WHAT TO DO: Below is a listing; retype exactly the line with "All-Top Adjustable Auto-Stop" and every line after it through the end, and only those, leaving out the pictures.

DATA EXCERPT:
__________________________________________________
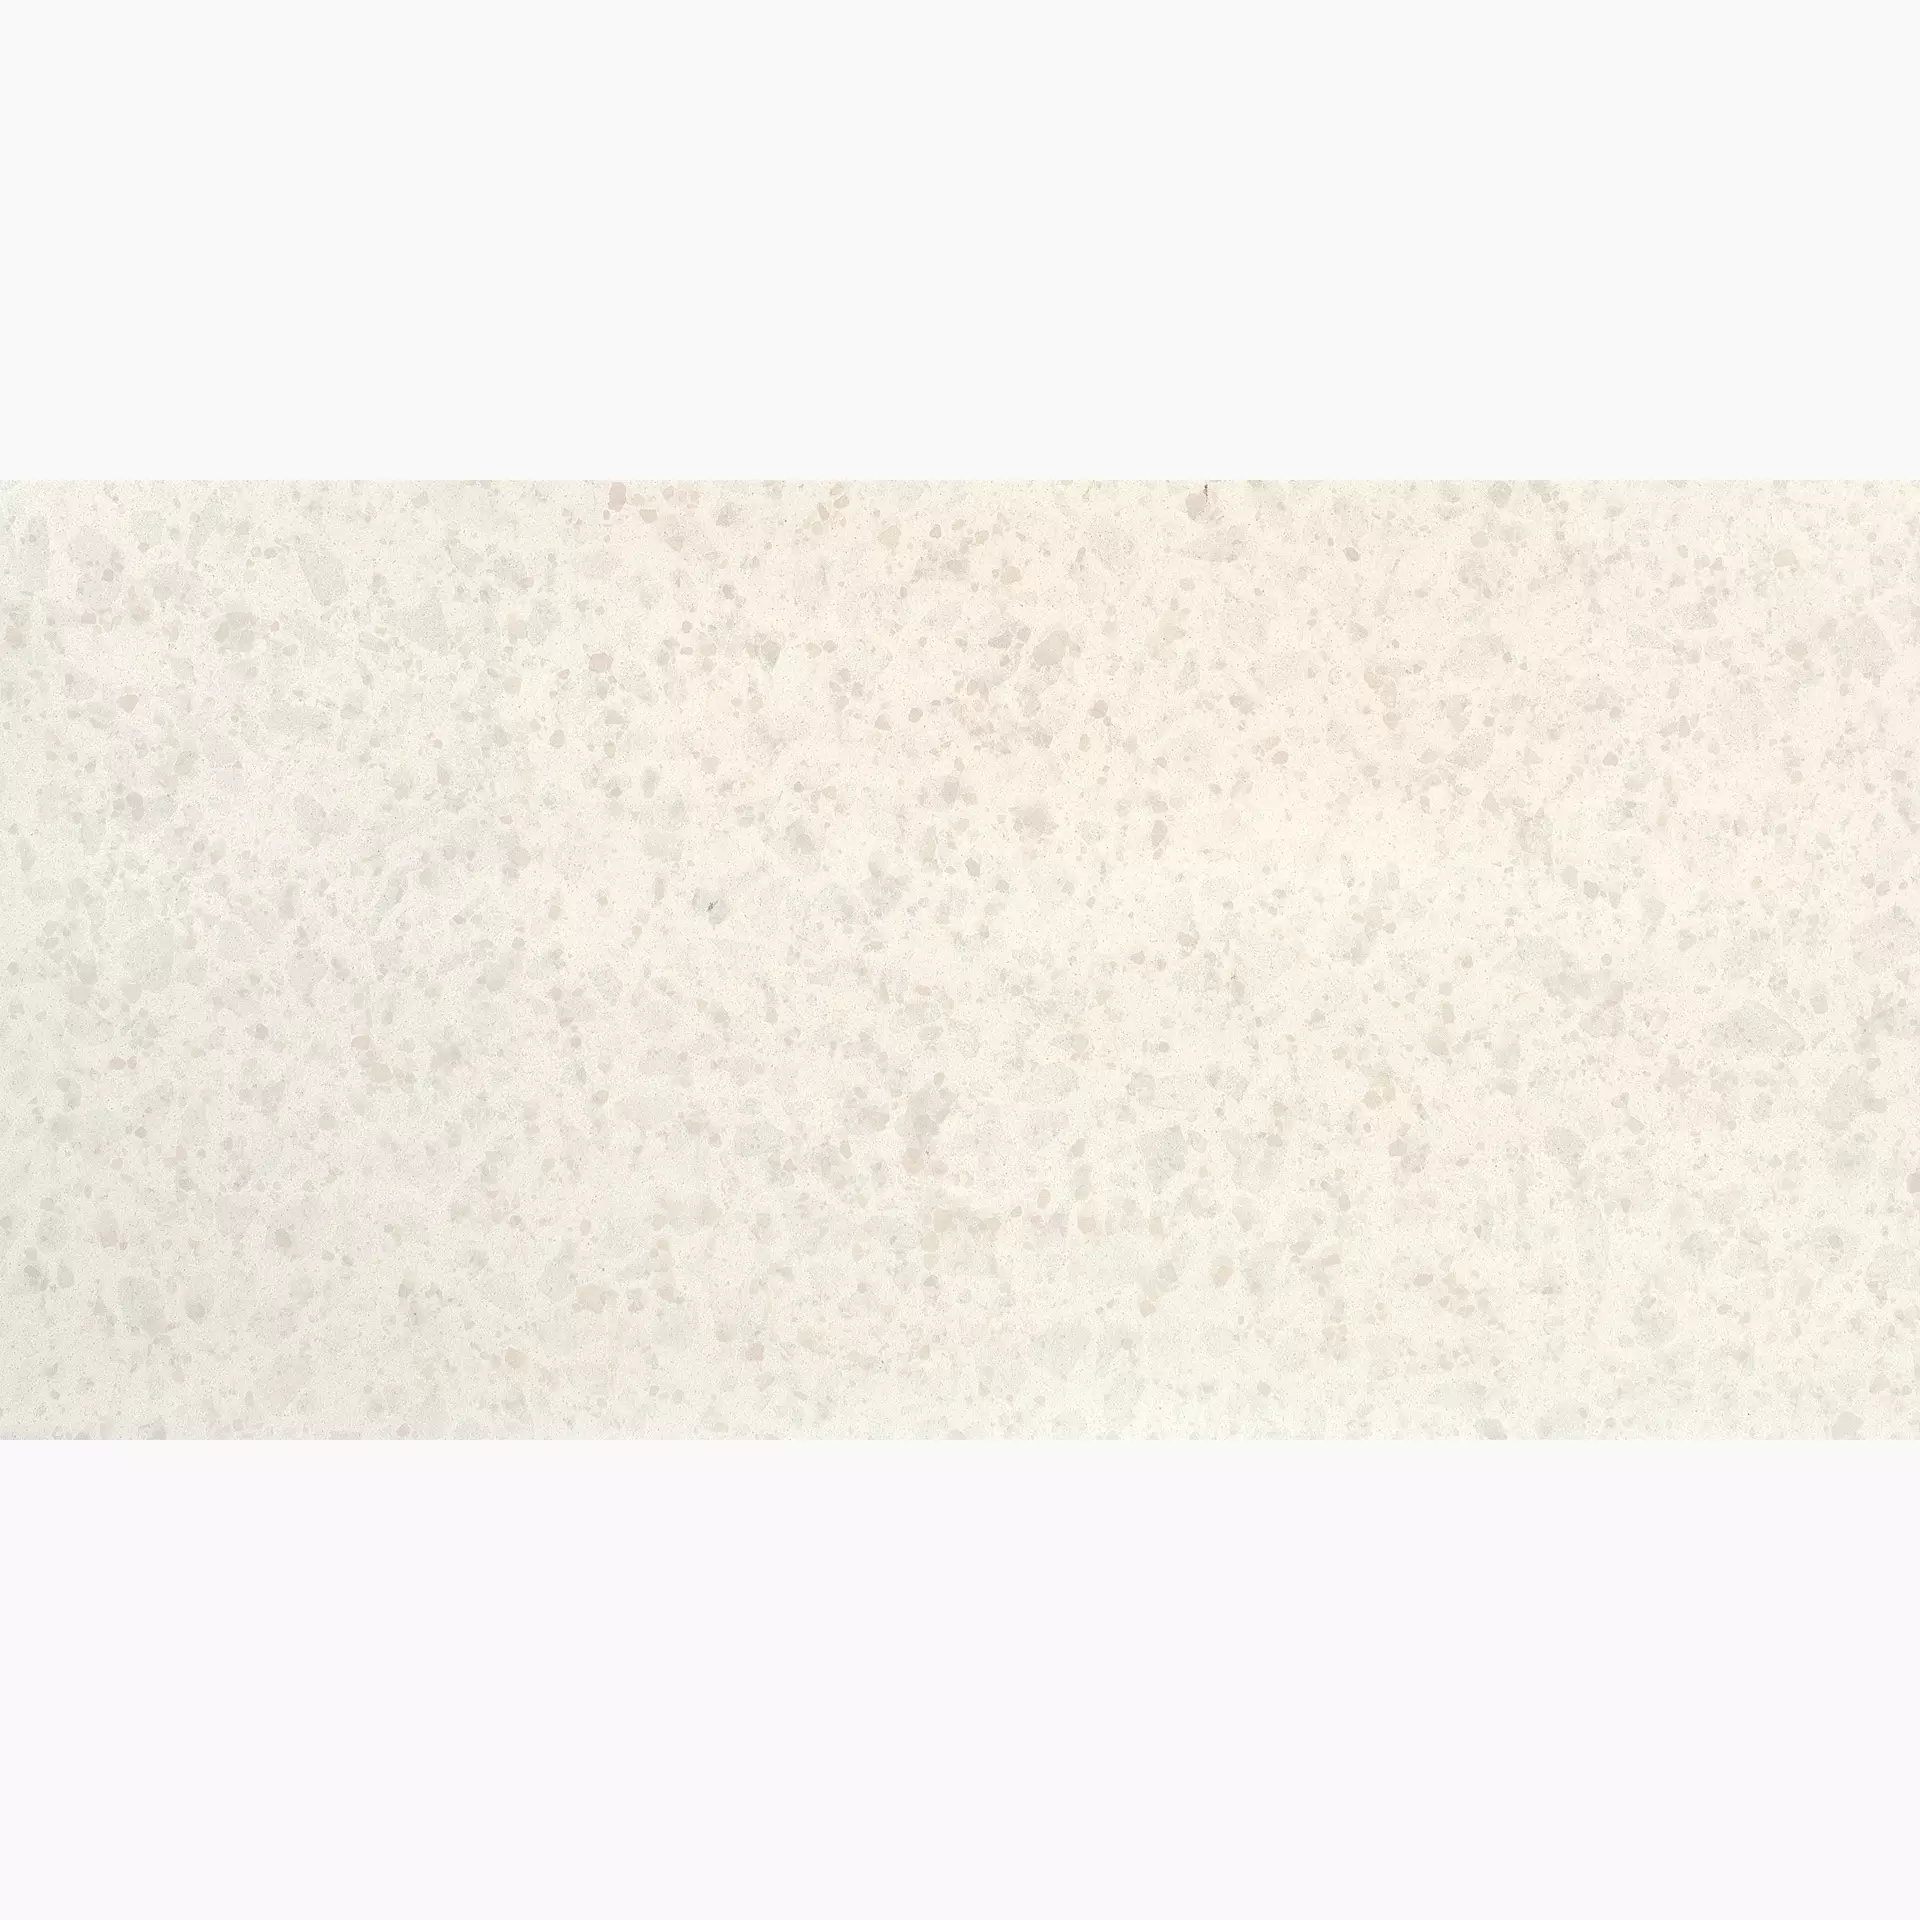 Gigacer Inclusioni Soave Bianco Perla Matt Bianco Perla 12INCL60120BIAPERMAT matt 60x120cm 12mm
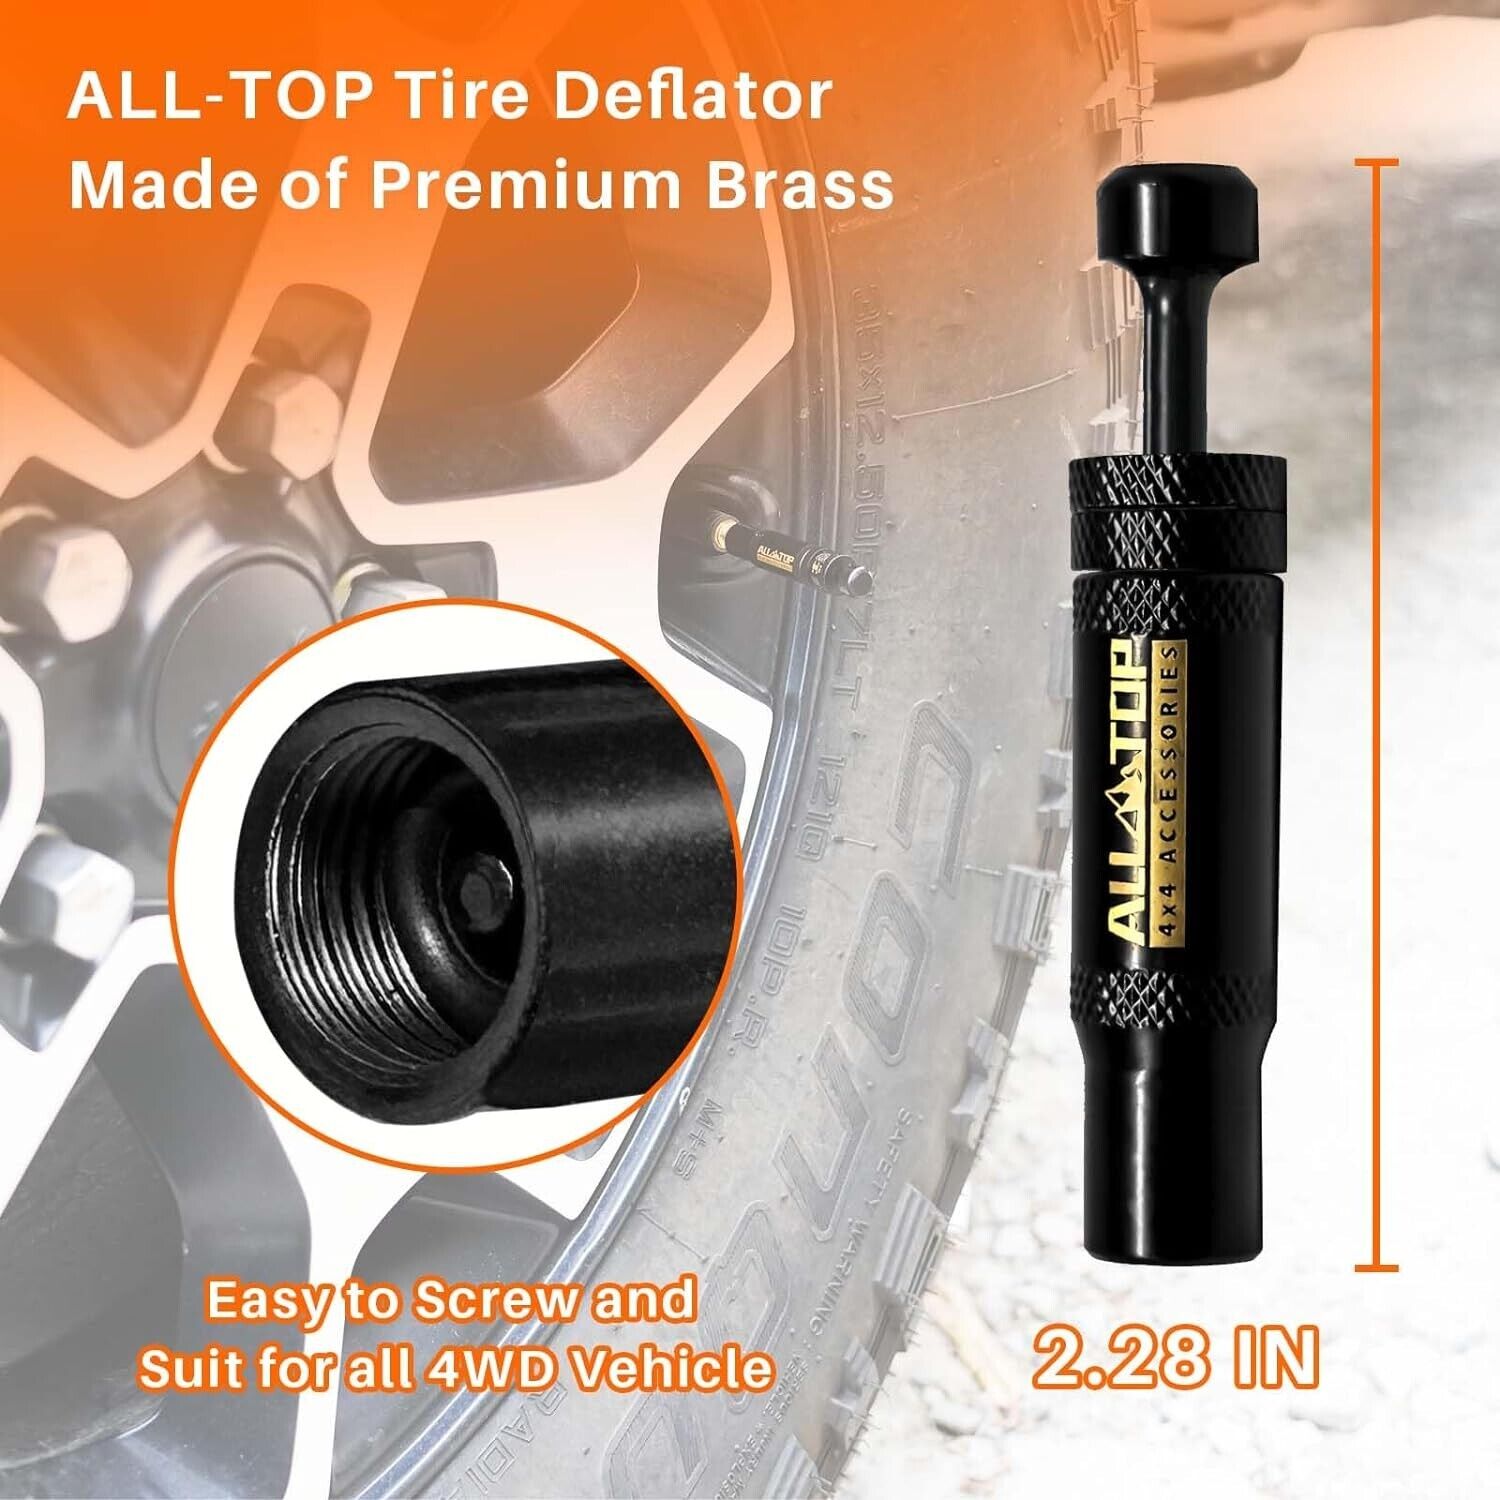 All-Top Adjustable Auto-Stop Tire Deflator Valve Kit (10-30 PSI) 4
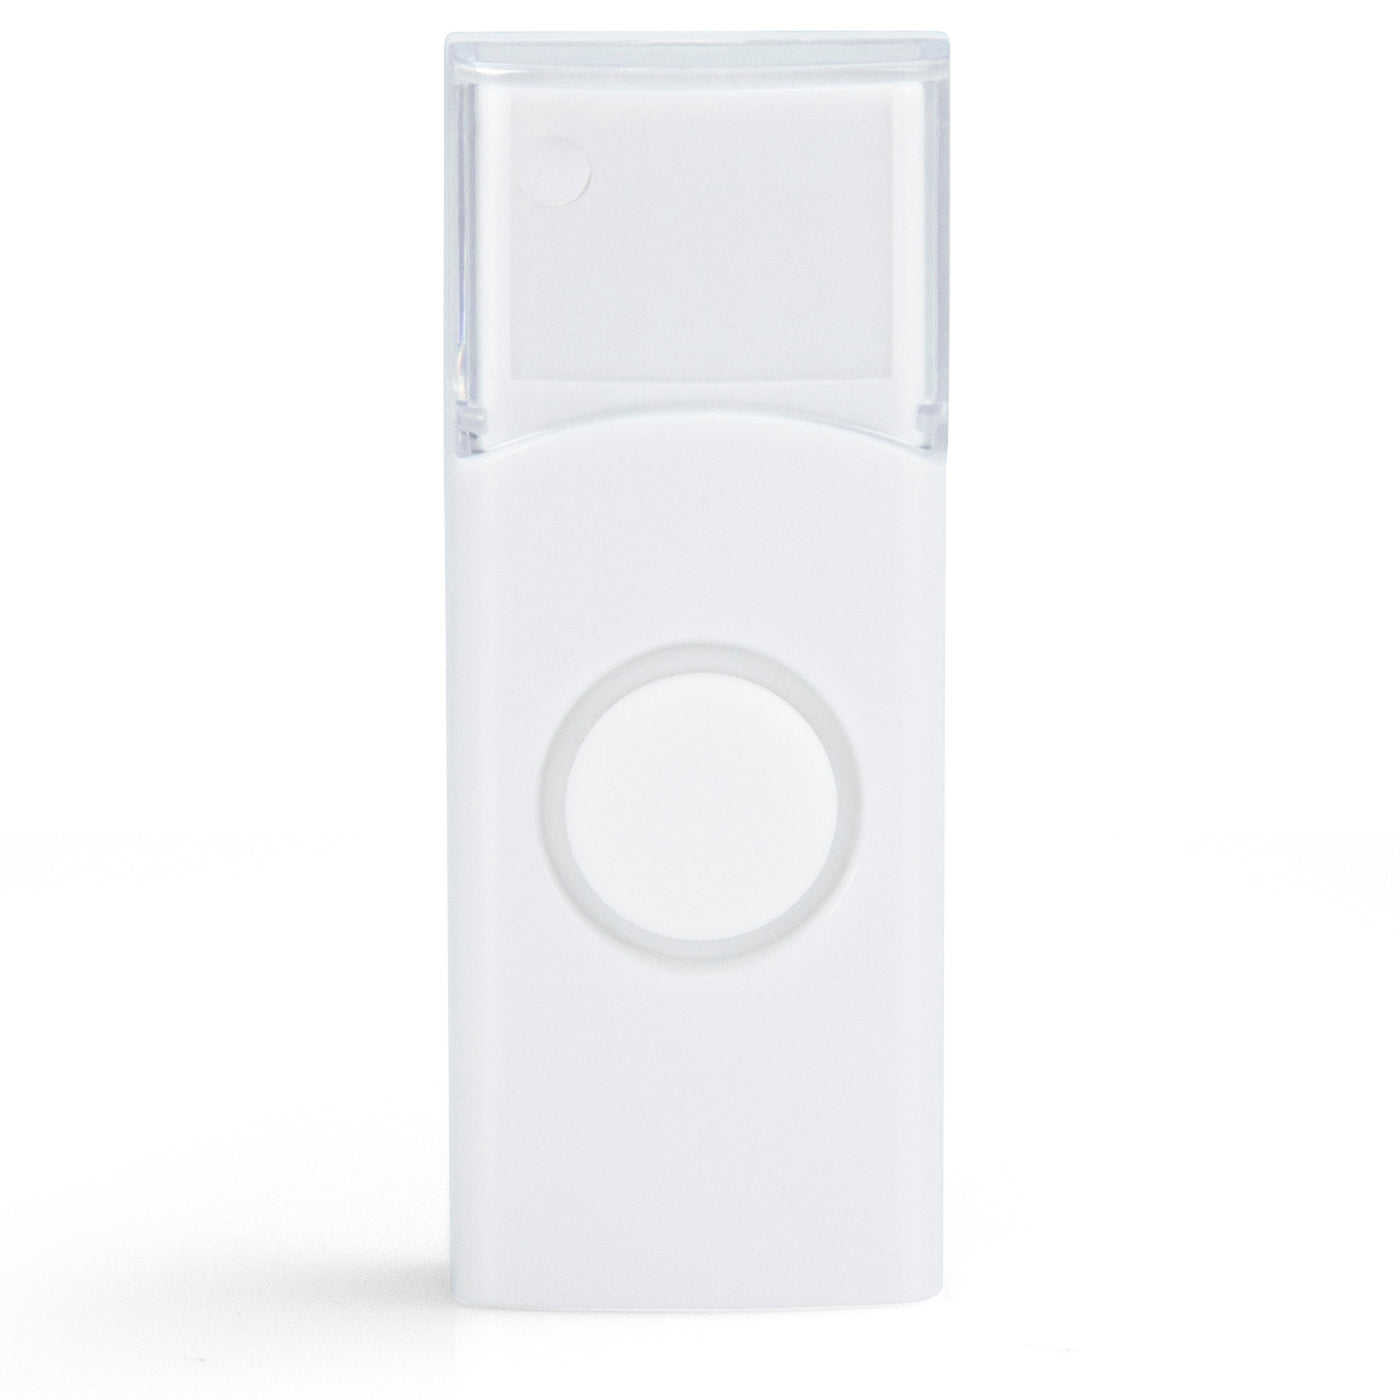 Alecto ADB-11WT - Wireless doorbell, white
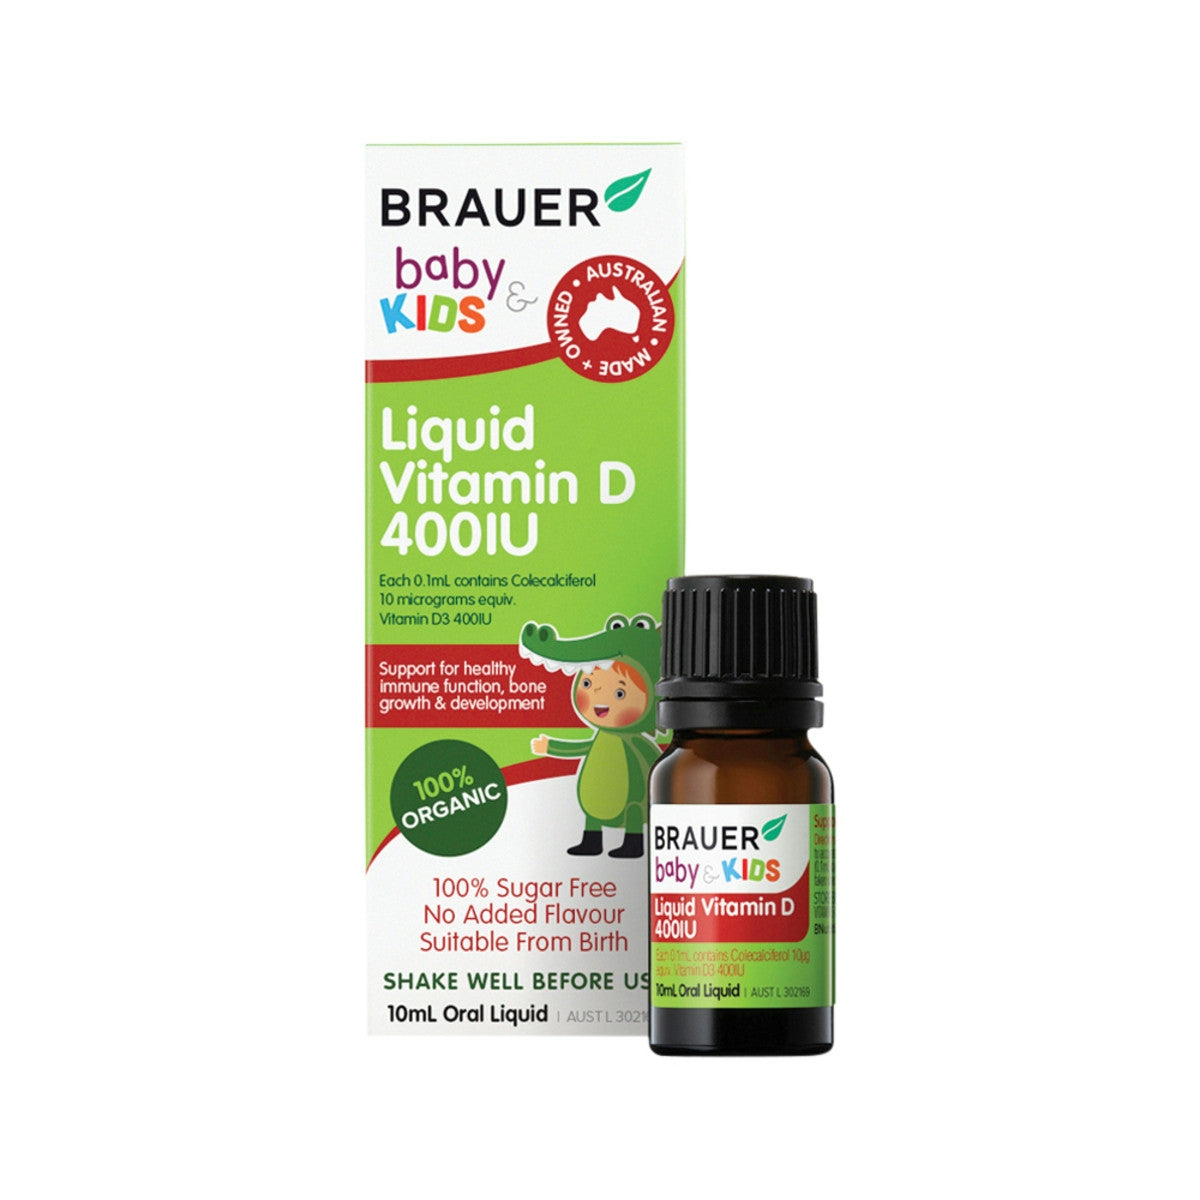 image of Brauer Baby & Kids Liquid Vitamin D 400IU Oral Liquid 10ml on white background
__________________________________________________
RESULT FOR THIS TASK:
 All-Top Adjustable Auto-Stop Tire Deflator Valve Kit (10-30 PSI) 4
 Alecto ADB-11WT - Wireless doorbell, white
 image of Brauer Baby & Kids Liquid Vitamin D 400IU Oral Liquid 10ml on white background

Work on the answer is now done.